Teatro: Gorjana Ducic racconta ‘La notte degli dei’ di Miro Gavran, a Roma in prima nazionale dopo aver girato il mondo
ROMA - Dopo aver debuttato con 17 prime nazionali in tutto il mondo, arriva anche in Italia ‘La notte degli dei’, l’opera considerata dai critici tedeschi tra le migliori pièces teatrali del mondo interpretate tra il 2000 ed il 2003. Tradotta per la prima volta in italiano da Gorjana Ducic, che cura anche la regia, lo spettacolo, scritto dal drammaturgo croato Miro Gavran è in scena dal 16 al 23 febbraio al Teatro allo Scalo, in via dei Reti 36 (San Lorenzo). Per Chronica abbiamo rivolto qualche domanda alla regista Gorjana Ducic.
Perché ha scelto di tradurre e portare in scena l’opera di Gavran?
L’operazione è stata voluta da me e da Sandro Torella (35enne) direttore artistico del Teatro allo Scalo. La nostra idea era portare un progetto di qualità (negli altri Paesi questo autore viene rappresentato nei tratri stabili, tipo Quirino e Valle), perchè in questo modo sfidiamo sia la sorte dal punto di vista produttivo ed esecutivo per avvicinare il pubblico del teatro che io co-gestisco, e portiamo sempre di più progetti di qualità mostrando allo stesso tempo il lato sperimentale.
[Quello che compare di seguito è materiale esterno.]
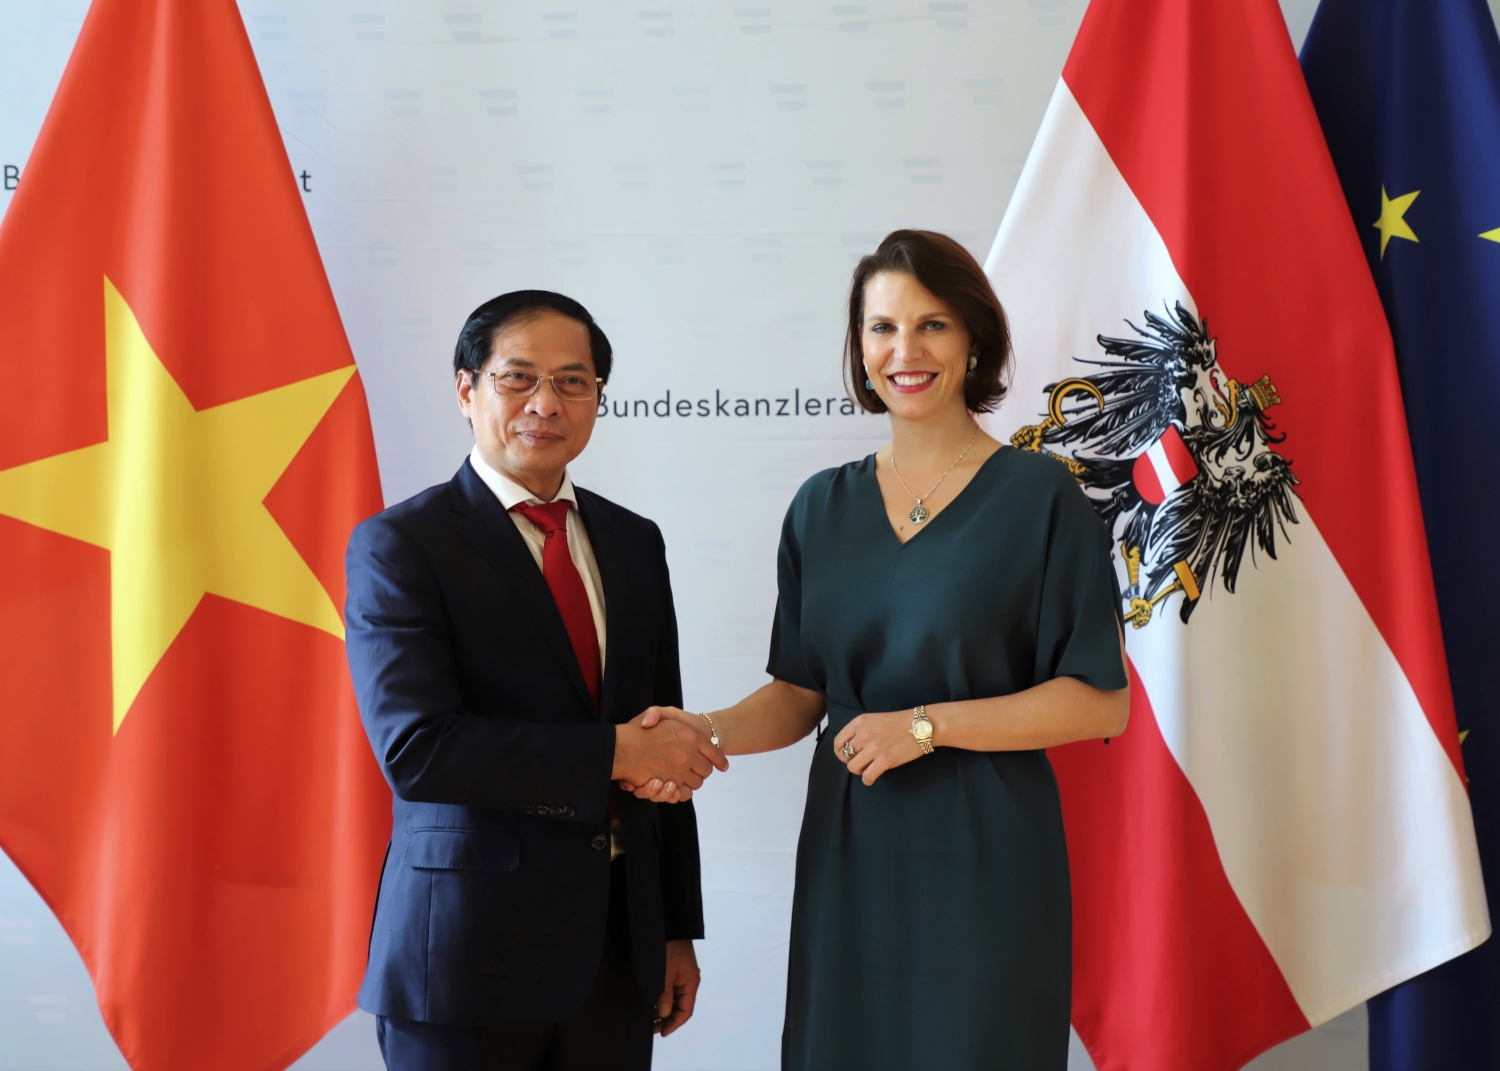 Bộ trưởng Ngoại giao Bùi Thanh Sơn thăm chính thức Cộng hòa Áo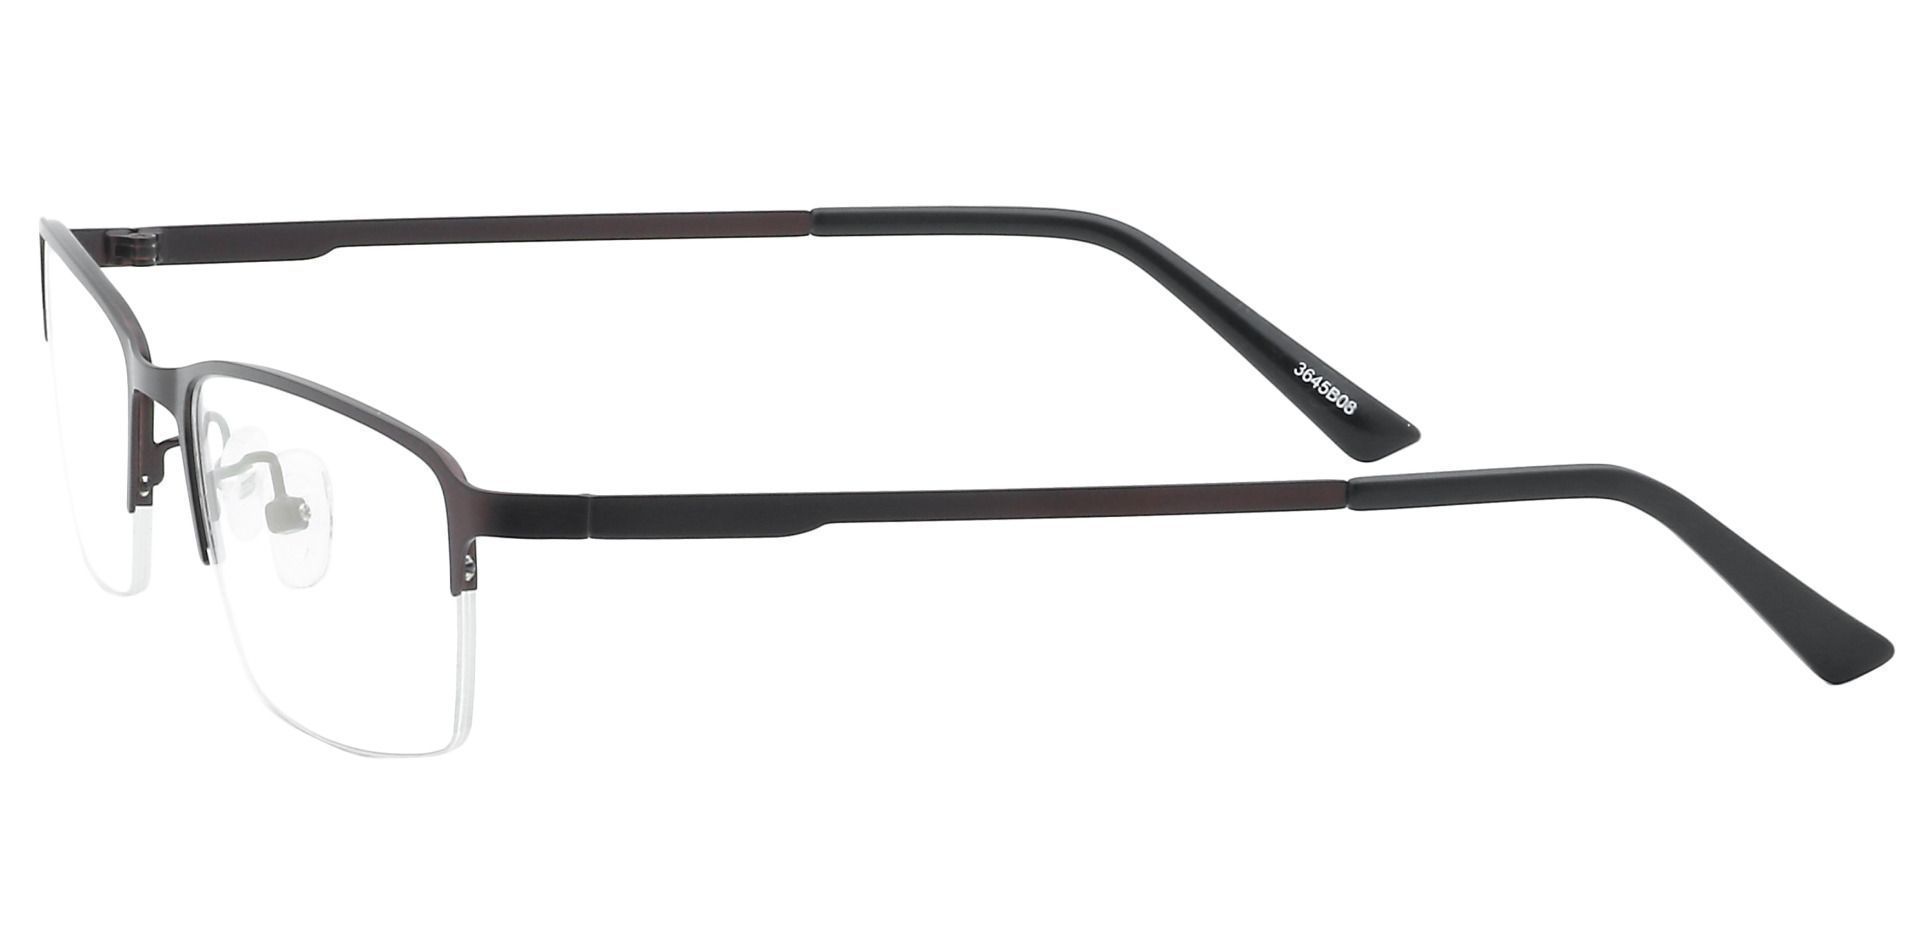 Bennett Rectangle Lined Bifocal Glasses - Brown

Ad interpretare lo spettacolo sono Pietro Bontempo nei panni di Molière, Sandro Torella nei panni di Luigi XIV e Claudio Gnomus nei panni del Buffone, vero protagonista della pièce. Io ho contattato Gavran via mail perché mi ha incuriosito il fatto che sul mercato italiano Gavran non fosse ancora conosciuto, a parte il caso di una compagnia di Genova che ha messo in scena ‘Tutto sulle donne’, tradotto da Silvio Ferrari. Io ritenevo fondamentale fare questo passo di traduzione, essendo io di madrelingua croata. Solo attraverso la traduzione in italiano è possibile trasmettere il ritmo dei testi di Gavran, sono molto particolari.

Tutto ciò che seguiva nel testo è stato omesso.